++++ Material provided

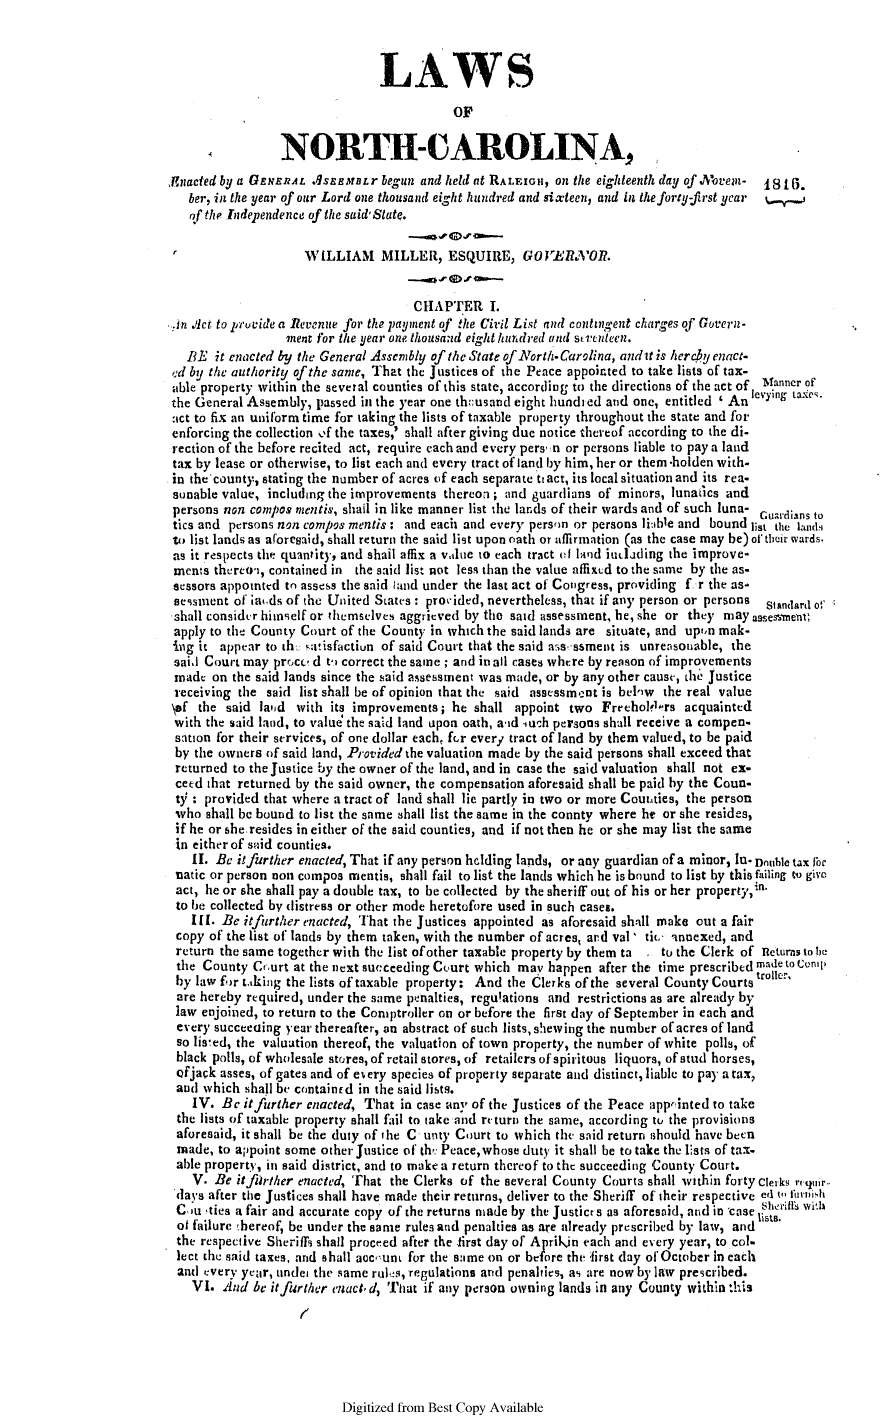 handle is hein.slavery/ssactsnc0032 and id is 1 raw text is: LAWS
OF
NORTH-CAROLINA,
Anacted by a GENERAL qSErBfBLr begun and held at RALEIGH, on the eighteenth day of  ovent-  181C.
ber, in the year of our Lord one thousand eight hundred and sixteen, and in the forty-first year  % s
of the Independence of the said'State.
WILLIAM MILLER, ESQUIRE, GO2'ElOR.
CHAPTER I.
,In iAct to pruvide a Revenue for the payment of the Civil List and contingent charges of Govern-
ment for the year one thousand eight hundred and stienteen.
BE it enacted by the General Assembly of the State of North-Carolina, andit is herchy enact-
ed by the authority of the same, That the Justices of the Peace appointed to take lists of tax-
able property within the several counties of this state, according to the directions of the act of Manner o
the General Assembly, passed in the year one thousand eight hundi ed and one, entitled ' An levying taxes.
:ict to fix an uniform time for taking the lists of taxable property throughout the state and for
enforcing the collection of the taxes,' shall after giving due notice thereof according to the di-
rection of the before recited act, require each and every pers, n or persons liable to pay a land
tax by lease or otherwise, to list each and every tract of land by him, her or them -holden with-
in the county, stating the number of acres of each separate tt act, its local situation and its rea-
sonable value, including the improvements thereon; and guardians of minors, lunatics and
persons non compos mentis, shail in like manner list the lands of their wards and of such luna- Cuardians to
tics and persons non compos mentis: and each and every person or persons li:ible and bound list the lands4
to list lands as aforesaid, shall return the said list upon oath or allirmation (as the case may be) of their wards.
as it respects the quantity, and shail affix a vlue to each tract of land idjoding the improve-
ments thereoi, contained in the said list not less than the value affixid to the same by the as-
sessors appointed to assess the said iand under the last act of Congress, providing f. r the as-
sessient of aw.ds of the United States: provided, nevertheless, that if any person or persons Standard e'
shall consider himself or themselves aggrieved by the said assessment, he, she or they may assessment
apply to the County Court of the County in which the said lands are situate, and upton mak-
ing it appear to th. ,atisfactiun of said Court that the said ass-sament is unreasonable, the
said Court may proce' d to correct the same; and in all cases where by reason of improvements
made on the said lands since the said assessment was made, or by any other cause, the Justice
receiving the said list shall be of opinion that the said assessment is below the real value
\ef the said land with its improvements; he shall appoint two Freeholkirs acquainted
with the said land, to value& the said land upon oath, aid such persons shall receive a compen-
sation for their services, of one dollar each, for every tract of land by them valued, to be paid
by the owners of said land, Provided the valuation made by the said persons shall exceed that
returned to the Justice by the owner of the land, and in case the said valuation shall not ex-
ceed that returned by the said owner, the compensation aforesaid shall be paid by the Coun-
ty : provided that where a tract of land shall lie partly in two or more Counties, the person
who shall be bound to list the same shall list the same in the connty where he or she resides,
if he or she resides in either of the said counties, and if not then he or she may list the same
in either of said counties.
II. Be it further enacted, That if any person helding lands, or any guardian of a minor, Iu Double tax for
natic or person non compos mentis, shall fail to list the lands which he is bound to list by this failing to give
act, lie or she shall pay a double tax, to be collected by the sheriff out of his or her property,in.
to be collected by distress or other mode heretofore used in such cases.
I I. Be itfirther enacted, That the Justices appointed as aforesaid shall make out a fair
copy of the list of lands by them taken, with the number of acres, ard val' tit- annexed, and
return the same together with the list of other taxable property by them ta  . to the Clerk of neturns to be
the County Crurt at the next succeeding Court which may happen after the time prescribed madetoconip
by law f>r t.Aking the lists of taxable property: And the Clerks of the several County Courts trolle.
are hereby required, under the same penalties, regulations and restrictions as are already by
law enjoined, to return to the Comptroller on or before the first day of September in each and
every succecing year thereafter, an abstract of such lists, sheiwing the number of acres of land
so listed, the valuation thereof, the valuation of town property, the number of white polls, of
black polls, of wholesale stores, of retail stores, of retailers of spiritous liquors, of stud horses,
ofjack asses, of gates and of every species of property separate and distinct, liable to pay a tax,
and which shall be containrd in the said lists.
IV. Be it further enacted, That in case any of the Justices of the Peace apprinted to take
the lists of taxable property shall fail to take and return the same, according to the provisions
aforesaid, it shall be the duty of the C unty Court to which the said return should have been
made, to appoint some other Justice of th': Peace,whose duty it shall be to take the lists of tax.
able property, in said district, and to make a return thereof to the succeeding County Court.
V. Be it fjrther enacted, That the Clerks of the several County Courts shall within forty Clerks ruquir..
days after the Justices shall have made their returns, deliver to the Sheriff of their respective ed to fulrniish
C'u -ties a fair and accurate copy of the returns made by the Justicrs as aforesaid, and in 'case r with
of failure hereof, be under the same rules and penalties as are already prescribed by law, and
the respective Sheriffs shall proceed after the first day of Aprilin each and every year, to col-
lect the said taxes, and shall aocount for the same on or before the lirst (lay of October in each
and every year, undet the same rules, regulations and penalties, as are now by law prescribed.
VI. And be it further enact. d, That if any person owning lands in any County within this
t,

Digitized from Best Copy Available



++++++++

◆ Assignment
Make an exact copy of the records above, one that has none of the pictures.

◆ Response
 handle is hein.slavery/ssactsnc0032 and id is 1 raw text is: LAWS
OF
NORTH-CAROLINA,
Anacted by a GENERAL qSErBfBLr begun and held at RALEIGH, on the eighteenth day of  ovent-  181C.
ber, in the year of our Lord one thousand eight hundred and sixteen, and in the forty-first year  % s
of the Independence of the said'State.
WILLIAM MILLER, ESQUIRE, GO2'ElOR.
CHAPTER I.
,In iAct to pruvide a Revenue for the payment of the Civil List and contingent charges of Govern-
ment for the year one thousand eight hundred and stienteen.
BE it enacted by the General Assembly of the State of North-Carolina, andit is herchy enact-
ed by the authority of the same, That the Justices of the Peace appointed to take lists of tax-
able property within the several counties of this state, according to the directions of the act of Manner o
the General Assembly, passed in the year one thousand eight hundi ed and one, entitled ' An levying taxes.
:ict to fix an uniform time for taking the lists of taxable property throughout the state and for
enforcing the collection of the taxes,' shall after giving due notice thereof according to the di-
rection of the before recited act, require each and every pers, n or persons liable to pay a land
tax by lease or otherwise, to list each and every tract of land by him, her or them -holden with-
in the county, stating the number of acres of each separate tt act, its local situation and its rea-
sonable value, including the improvements thereon; and guardians of minors, lunatics and
persons non compos mentis, shail in like manner list the lands of their wards and of such luna- Cuardians to
tics and persons non compos mentis: and each and every person or persons li:ible and bound list the lands4
to list lands as aforesaid, shall return the said list upon oath or allirmation (as the case may be) of their wards.
as it respects the quantity, and shail affix a vlue to each tract of land idjoding the improve-
ments thereoi, contained in the said list not less than the value affixid to the same by the as-
sessors appointed to assess the said iand under the last act of Congress, providing f. r the as-
sessient of aw.ds of the United States: provided, nevertheless, that if any person or persons Standard e'
shall consider himself or themselves aggrieved by the said assessment, he, she or they may assessment
apply to the County Court of the County in which the said lands are situate, and upton mak-
ing it appear to th. ,atisfactiun of said Court that the said ass-sament is unreasonable, the
said Court may proce' d to correct the same; and in all cases where by reason of improvements
made on the said lands since the said assessment was made, or by any other cause, the Justice
receiving the said list shall be of opinion that the said assessment is below the real value
\ef the said land with its improvements; he shall appoint two Freeholkirs acquainted
with the said land, to value& the said land upon oath, aid such persons shall receive a compen-
sation for their services, of one dollar each, for every tract of land by them valued, to be paid
by the owners of said land, Provided the valuation made by the said persons shall exceed that
returned to the Justice by the owner of the land, and in case the said valuation shall not ex-
ceed that returned by the said owner, the compensation aforesaid shall be paid by the Coun-
ty : provided that where a tract of land shall lie partly in two or more Counties, the person
who shall be bound to list the same shall list the same in the connty where he or she resides,
if he or she resides in either of the said counties, and if not then he or she may list the same
in either of said counties.
II. Be it further enacted, That if any person helding lands, or any guardian of a minor, Iu Double tax for
natic or person non compos mentis, shall fail to list the lands which he is bound to list by this failing to give
act, lie or she shall pay a double tax, to be collected by the sheriff out of his or her property,in.
to be collected by distress or other mode heretofore used in such cases.
I I. Be itfirther enacted, That the Justices appointed as aforesaid shall make out a fair
copy of the list of lands by them taken, with the number of acres, ard val' tit- annexed, and
return the same together with the list of other taxable property by them ta  . to the Clerk of neturns to be
the County Crurt at the next succeeding Court which may happen after the time prescribed madetoconip
by law f>r t.Aking the lists of taxable property: And the Clerks of the several County Courts trolle.
are hereby required, under the same penalties, regulations and restrictions as are already by
law enjoined, to return to the Comptroller on or before the first day of September in each and
every succecing year thereafter, an abstract of such lists, sheiwing the number of acres of land
so listed, the valuation thereof, the valuation of town property, the number of white polls, of
black polls, of wholesale stores, of retail stores, of retailers of spiritous liquors, of stud horses,
ofjack asses, of gates and of every species of property separate and distinct, liable to pay a tax,
and which shall be containrd in the said lists.
IV. Be it further enacted, That in case any of the Justices of the Peace apprinted to take
the lists of taxable property shall fail to take and return the same, according to the provisions
aforesaid, it shall be the duty of the C unty Court to which the said return should have been
made, to appoint some other Justice of th': Peace,whose duty it shall be to take the lists of tax.
able property, in said district, and to make a return thereof to the succeeding County Court.
V. Be it fjrther enacted, That the Clerks of the several County Courts shall within forty Clerks ruquir..
days after the Justices shall have made their returns, deliver to the Sheriff of their respective ed to fulrniish
C'u -ties a fair and accurate copy of the returns made by the Justicrs as aforesaid, and in 'case r with
of failure hereof, be under the same rules and penalties as are already prescribed by law, and
the respective Sheriffs shall proceed after the first day of Aprilin each and every year, to col-
lect the said taxes, and shall aocount for the same on or before the lirst (lay of October in each
and every year, undet the same rules, regulations and penalties, as are now by law prescribed.
VI. And be it further enact. d, That if any person owning lands in any County within this
t,

Digitized from Best Copy Available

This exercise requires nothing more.